Thinking of Food on World Population Day

Thinking of Food on World Population Day


UN Population Fund

Today is World Population Day, an appropriate day to reflect upon the sustainability of our growing world population. While this year’s theme, “Adolescent Pregnancy,” addresses an important issue, Brighter Green is also interested in the consumption habits of the growing world population – a topic that has not been the focus of a World Population Day since it was established back in 1989. The impact of global food consumption alone has massive repercussions for the climate, food security, fresh water supplies, and the preservation of natural lands.

The world population is currently around 7.1 billion and growing. A few years ago, the UN projected that the world would reach 9.1 billion by 2050, with a 70% increase in demand for agricultural output, though they have since updated their population projections to 9.6 billion people by 2050 – which would logically imply that food output would have to increase even more than 70% by mid-century, based on their previous estimates. But regardless of how accurate this new projection turns out to be, certainly the world population will continue to grow and global food systems will be pushed increasingly hard to produce more food.

One of the reasons why the demand for agricultural output is increasing at a higher rate than population growth is because global diets are rapidly shifting to resource-intensive foods, such as meat, eggs, and dairy, which require much more water and agricultural land. Livestock production currently occupies 70% of all agricultural land, which equates to about 30% of the earth’s ice-free surface. As developing countries start to consume higher levels of animal-based foods, the demand for rangeland and feed crops shoots up.

Expanding food production by 70% or more in the coming decades to meet increasing global demand is problematic if not nearly impossible. Not only has the yield per acre of most major crops leveled out, having approached their biological limits, but climate change is decreasing agricultural productivity and accelerating the encroachment of food production onto forested land. This is a recipe for more climate change, biodiversity loss, and soil erosion.
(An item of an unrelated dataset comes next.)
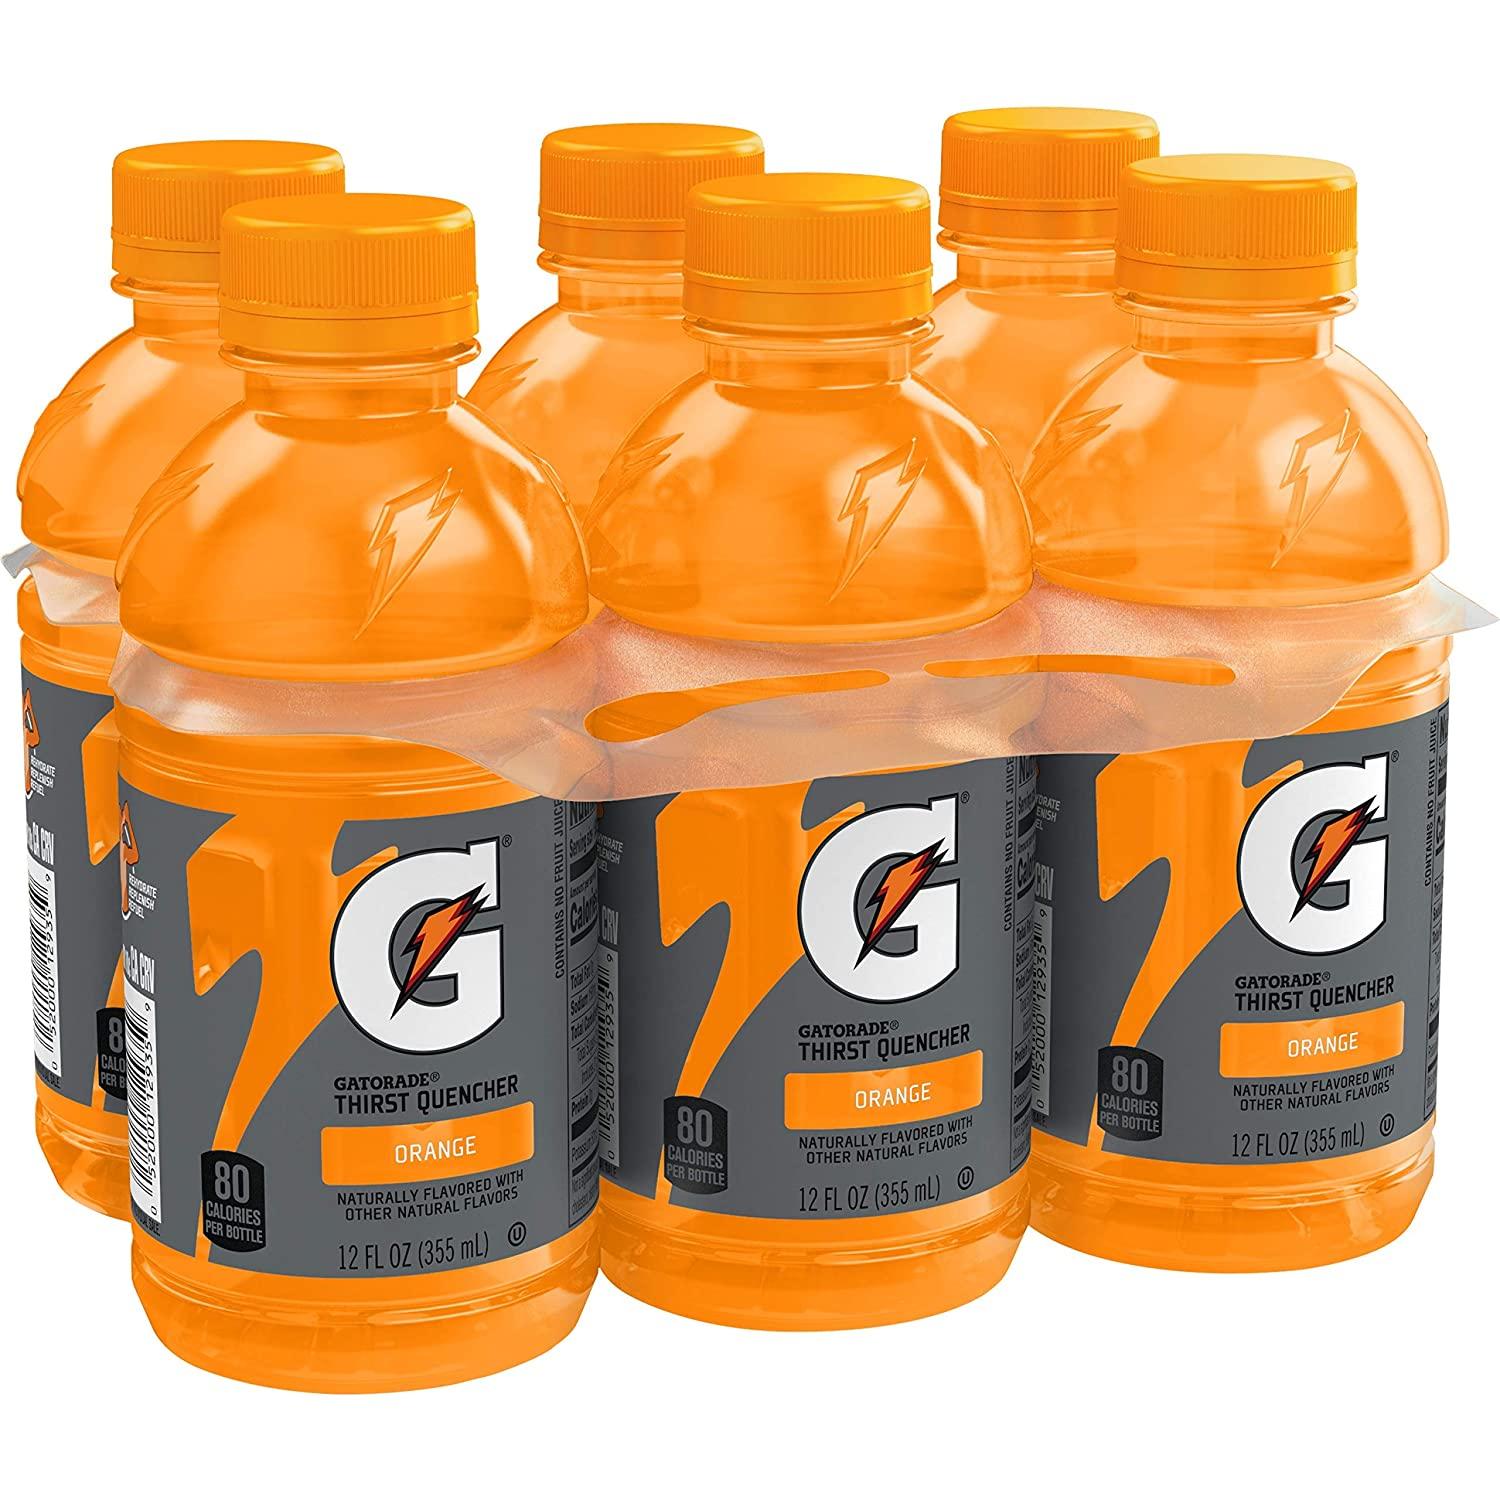 Gatorade Thirst Quencher, Orange, 12 Fl Oz, Pack of 6

But as Dawn Moncrief of A Well-Fed World often emphasizes in her organization’s advocacy for a more sustainable global food system, ‘projections are not destiny.’ Just as population growth can be mitigated, so too can global consumption habits, either through public policies or social education. The alternative to active mitigation is a market-driven solution, whereby plant proteins become more popular as the price of animal proteins rise, or a market-driven, Malthusian disaster, in which livestock continues to occupy an increasing share of our food supply – inefficiently cycling livestock feed through animals and rendering our food system incapable of meeting the hunger needs of the world’s population. In the latter case, poor people would be the least food secure because they could not access or afford these high-demand animal-based foods or even other foods grown on the world’s limited arable land.

The World Resource Institute has been addressing the issue of food and sustainability in a series of papers entitled Creating a Sustainable Food Future. It’s first installment calls attention to three important points about food and sustainability for the coming decades: 1) it is necessary to address population and global diet, 2) it will be important to support the livelihoods of small farmers in the developing world, and 3) there is a vital need to decrease the world’s impact on the environment and natural resources in order to maintain adequate food production.

As these and other issues related to global diet and sustainability become more pronounced, global leaders will have no choice but to give the matter greater attention. Who knows, one day we might even have a World Population Day dedicated to what the world population is eating.